## What the task asks
State how many lines in the listing below include the string "inches". The answer is the number alone.

## Dataset records
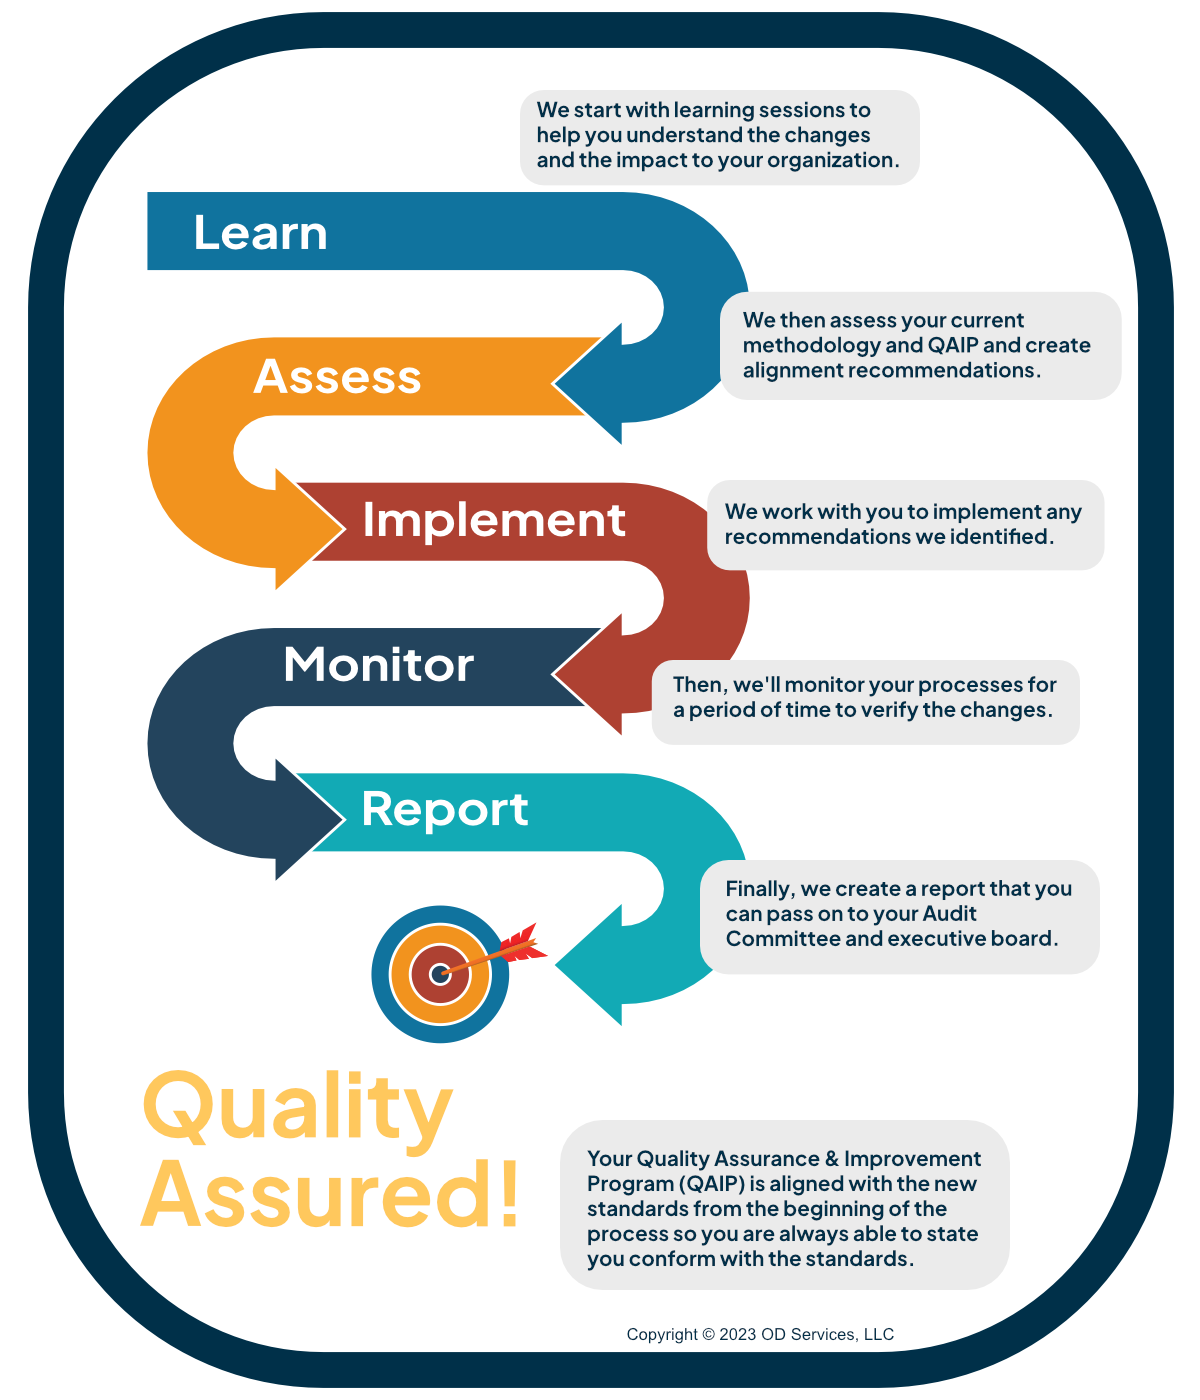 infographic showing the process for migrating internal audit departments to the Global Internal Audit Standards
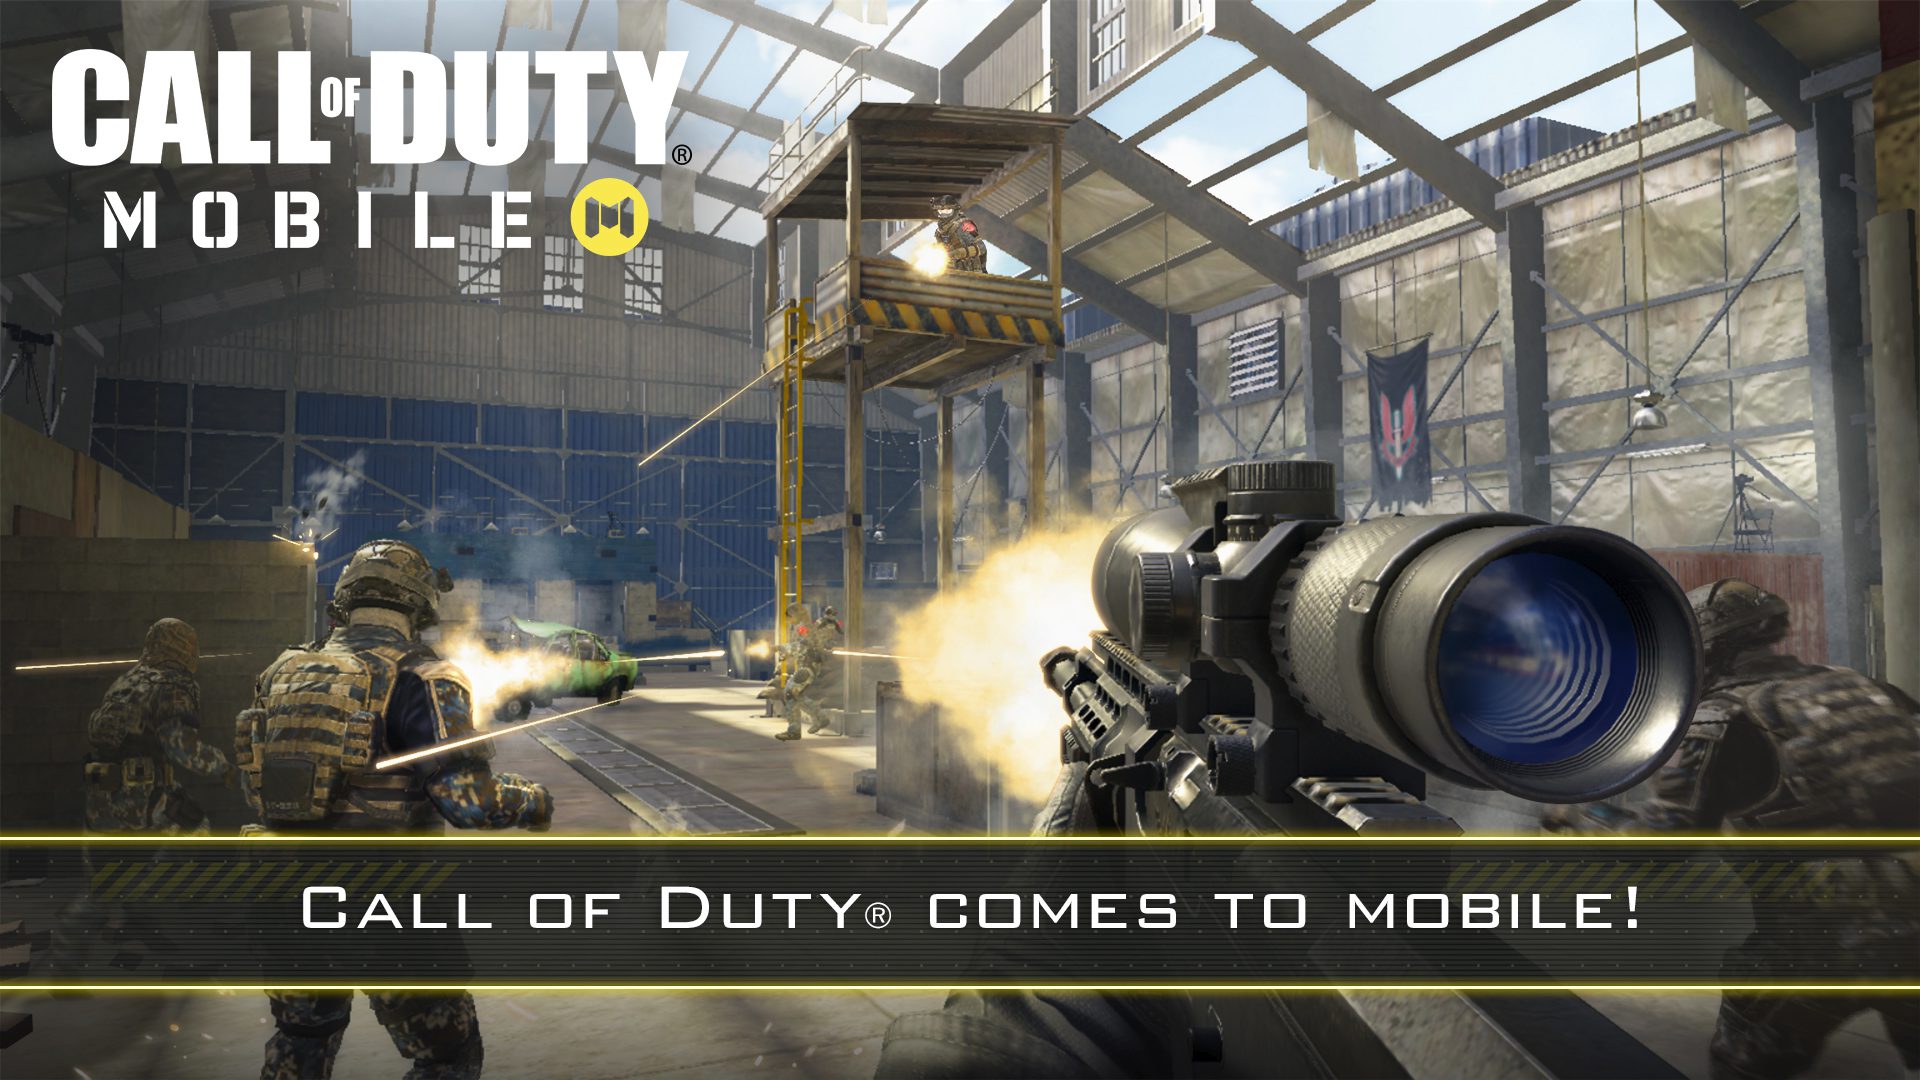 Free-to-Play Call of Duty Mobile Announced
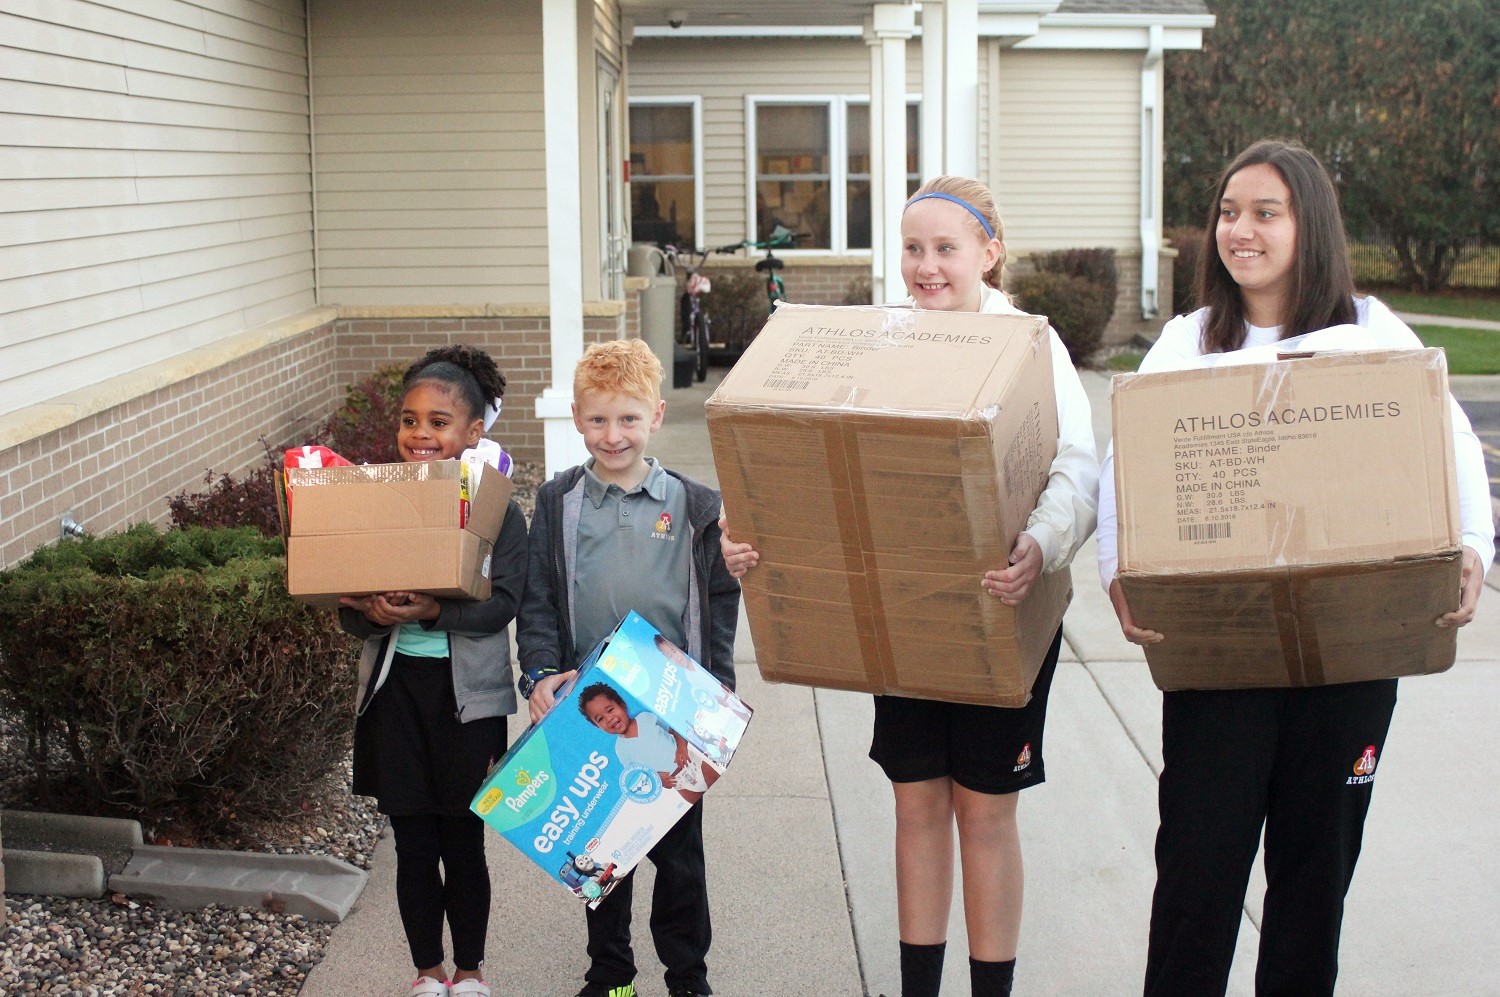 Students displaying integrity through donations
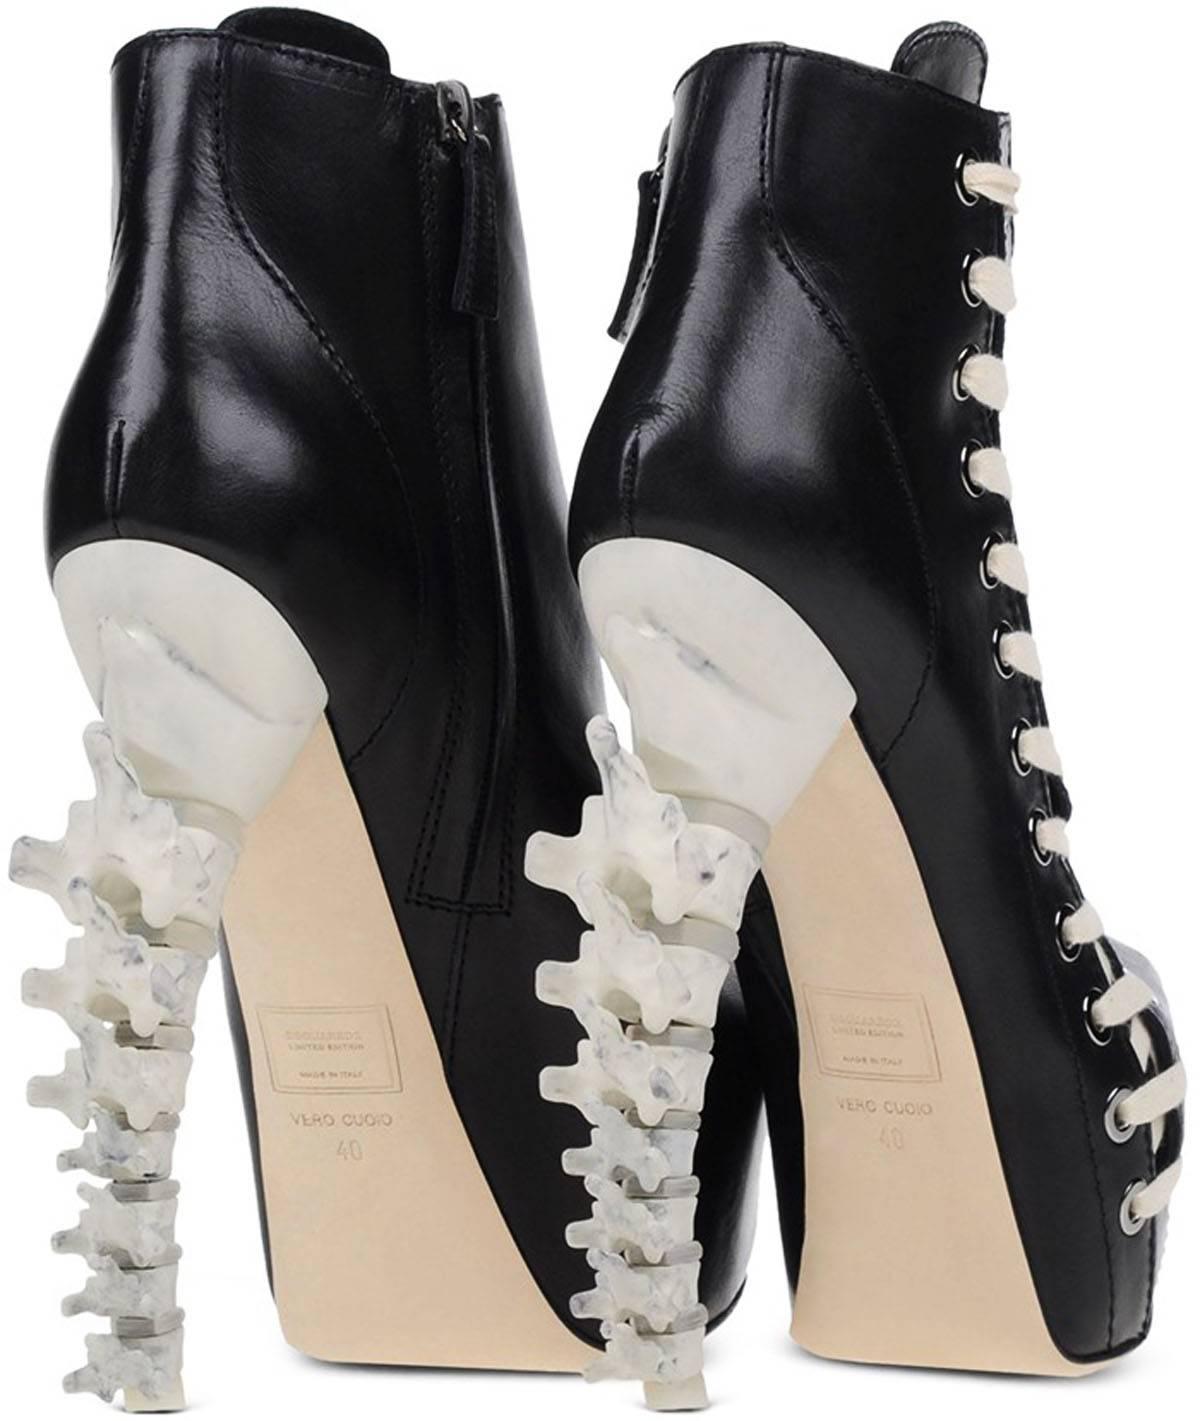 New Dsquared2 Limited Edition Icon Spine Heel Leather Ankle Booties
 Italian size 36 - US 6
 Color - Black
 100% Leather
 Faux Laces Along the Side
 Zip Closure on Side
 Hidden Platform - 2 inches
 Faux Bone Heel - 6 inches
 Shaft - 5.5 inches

## Answer below
3